Nahuhol американца. Приключения Майкла в России - Алекс Май
Шрифт:
Интервал:
Закладка:
– Знаю. Перестройка…
– Да ну тебя! Раньше, до перестройки. В средние века. Хотя, похоже. В общем, много лет назад эту дорогу решили не трогать. Оставить такой, какой она осталась с древних времен. В качестве исторического памятника.
– Это правда? – Майкл посмотрел на меня наивными глазами. Так, наверное, пятилетний Майкл Джексон, провинившись, смотрел на своего любимого отца.
– Я так думаю, ведь ничем иным эти колдобины не объяснить.
– Саша, а что это за овраг большой? – спросил Майкл, показывая глубокий противотанковый ров.
– Это, брат, еще один памятник. Печальный. Грустный. Глупый.
– В каком смысле?
– В прямом… Когда немцы наступали, в сорок первом, всех жителей района – баб, мужиков, подростков, послали рыть ров на подступах к городу.
– И что? Почему грустный? Не вырыли?
– Как не вырыли? А это что? Еще как вырыли! Вокруг города вырыли, а дорогу напоследок оставили.
– И…
– Ну, немец по этой дороге и вошел, как на параде. Не успели. Печальная история. Давай лучше про клад Екатерины поговорим, – предложил я сменить тему, – или про клад Наполеона.
– Что такое клад?
– Сокровища, драгоценности.
– Их здесь много?
– Навалом, – усмехнулся я. – Плюнь – в клад попадешь!
– А зачем плевать?
– Чтобы не сглазить.
– Ничего не понимаю, – сказал Майкл. – А глаза тут причем?
– Тут, Майкл, умом ни фига не поймешь. Даже не пытайся… Тем более на трезвую голову.
Старые тополя, густо насаженные по обочинам, сменились огромными – до горизонта, полями.
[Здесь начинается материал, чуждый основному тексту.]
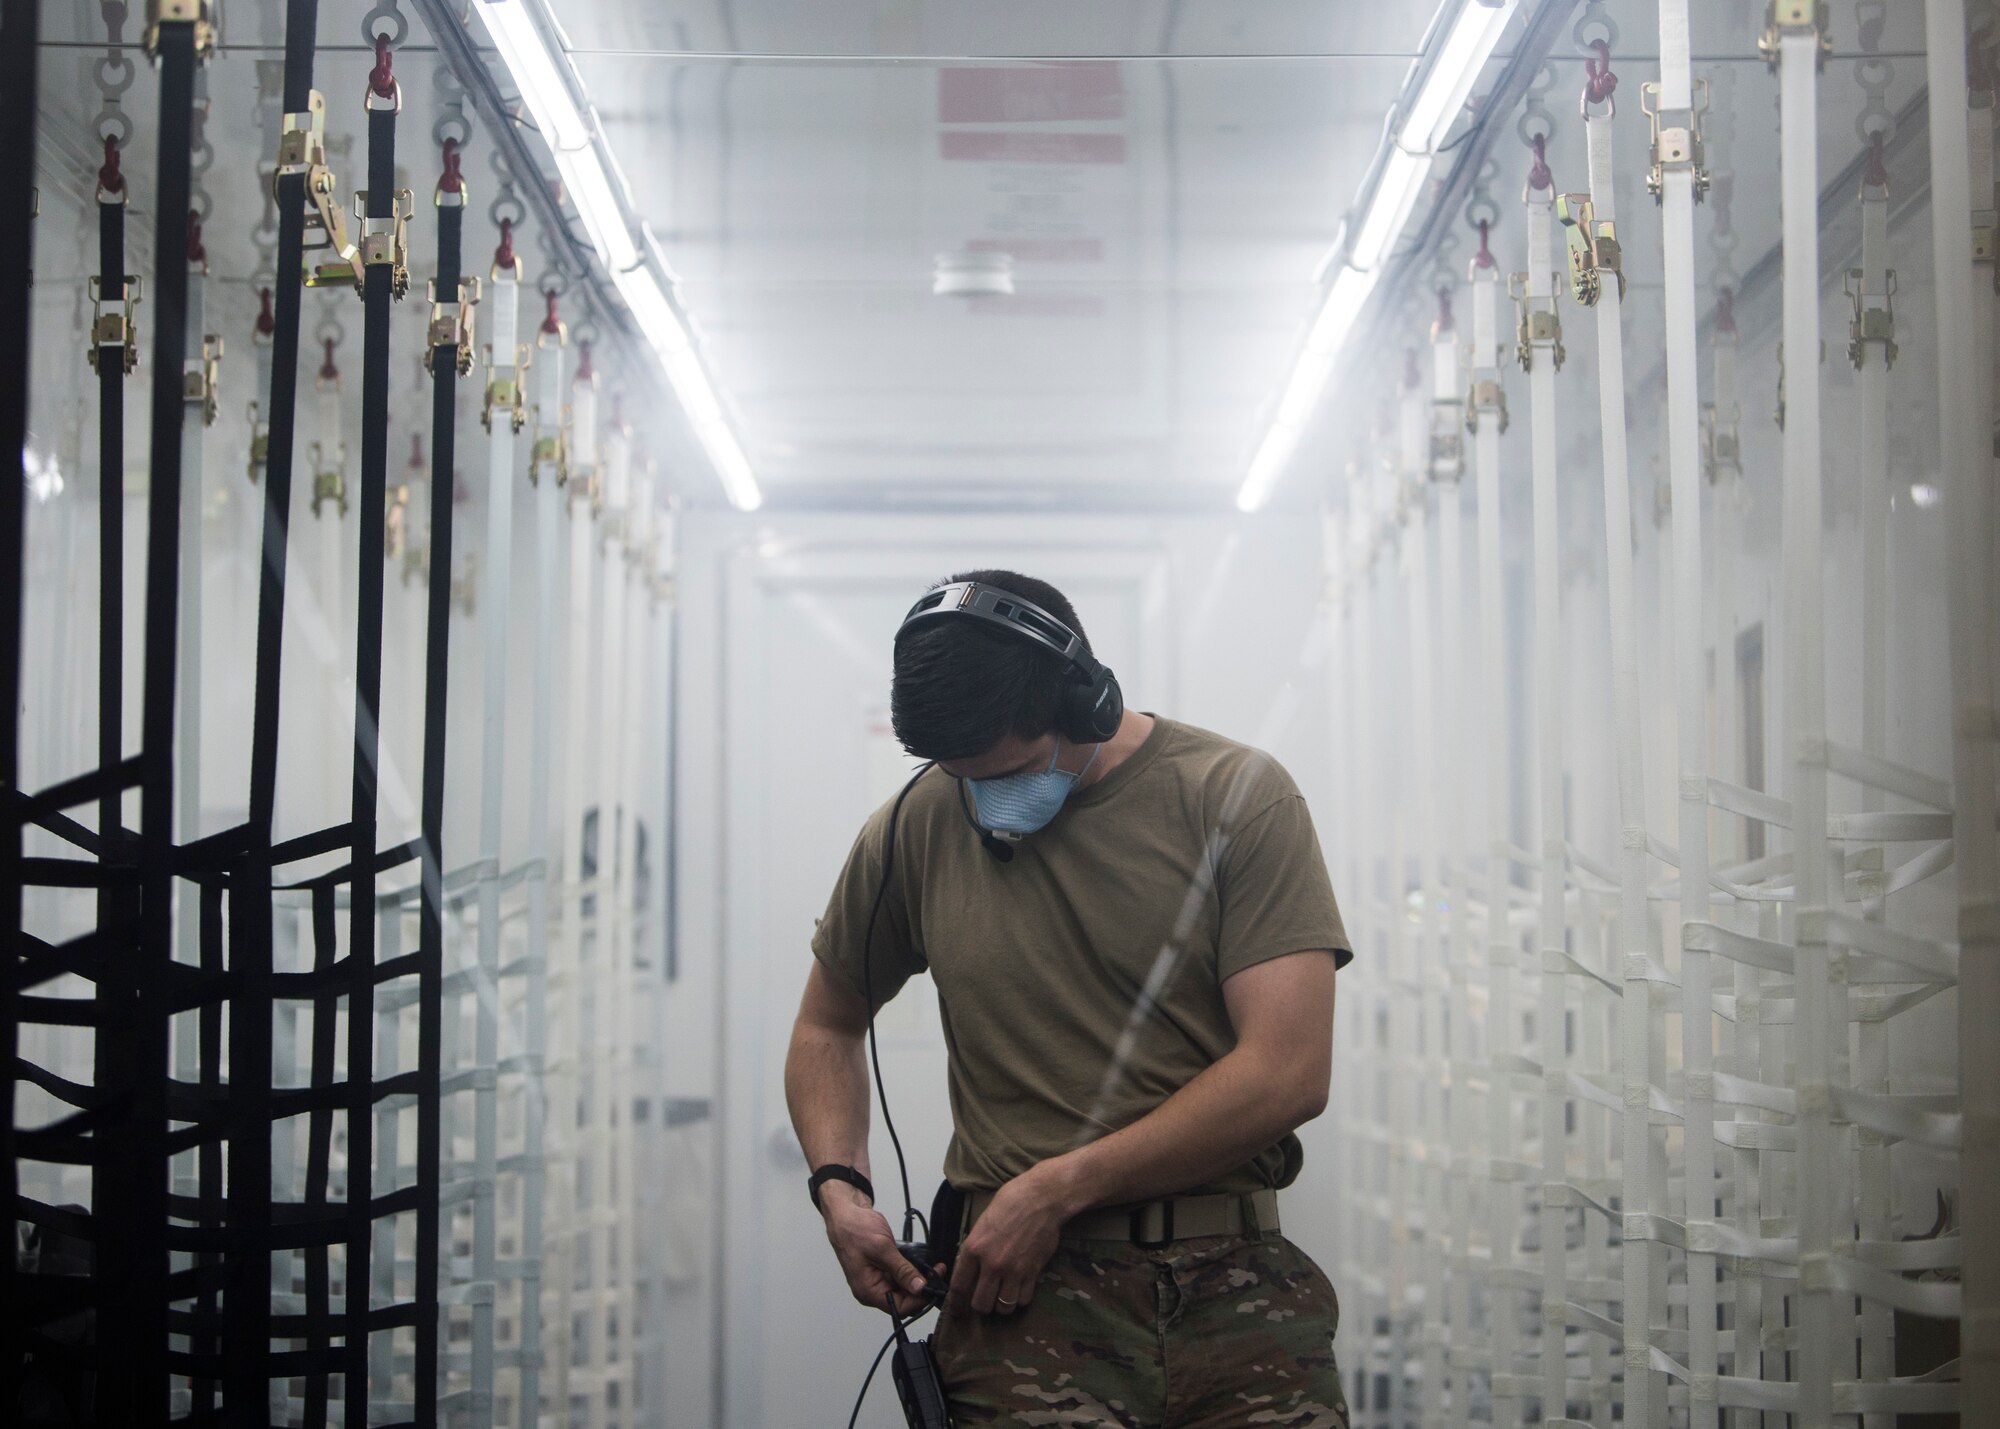 U.S. Air Force Capt. Conor Favo, 28th Test and Evaluation Squadron division chief, adjusts the settings of his headset during the first in-flight testing of a Negatively Pressurized Conex prototype on a C-17 Globemaster III, April 30, 2020. The NPC was rapidly developed and designed to fit inside both C-5 and C-17 aircraft to enable safe transport of up to 28 passengers, as well as teams of medical professionals to medical facilities around the globe. (U.S. Air Force photo by Staff Sgt. Chris Drzazgowski)

На одном лежало запакованное в белые пластиковые тюки сено, а другое было засеяно гречихой. Солнце поражало аномальной активностью, несвойственной концу августа. Редкие темные облака, словно надувшись друг на друга, рассеяно ползали по небу, не желая объединяться в мощную тучу даже во имя дождя. Выше ленивых облаков пара реактивных самолетов прорисовывала параллельные, похожие на рельсы линии. Бабочки, жуки и слепни грудью бросались на лобовое стекло, щелкая, оставляя вместо себя зеленоватые смачные плевки.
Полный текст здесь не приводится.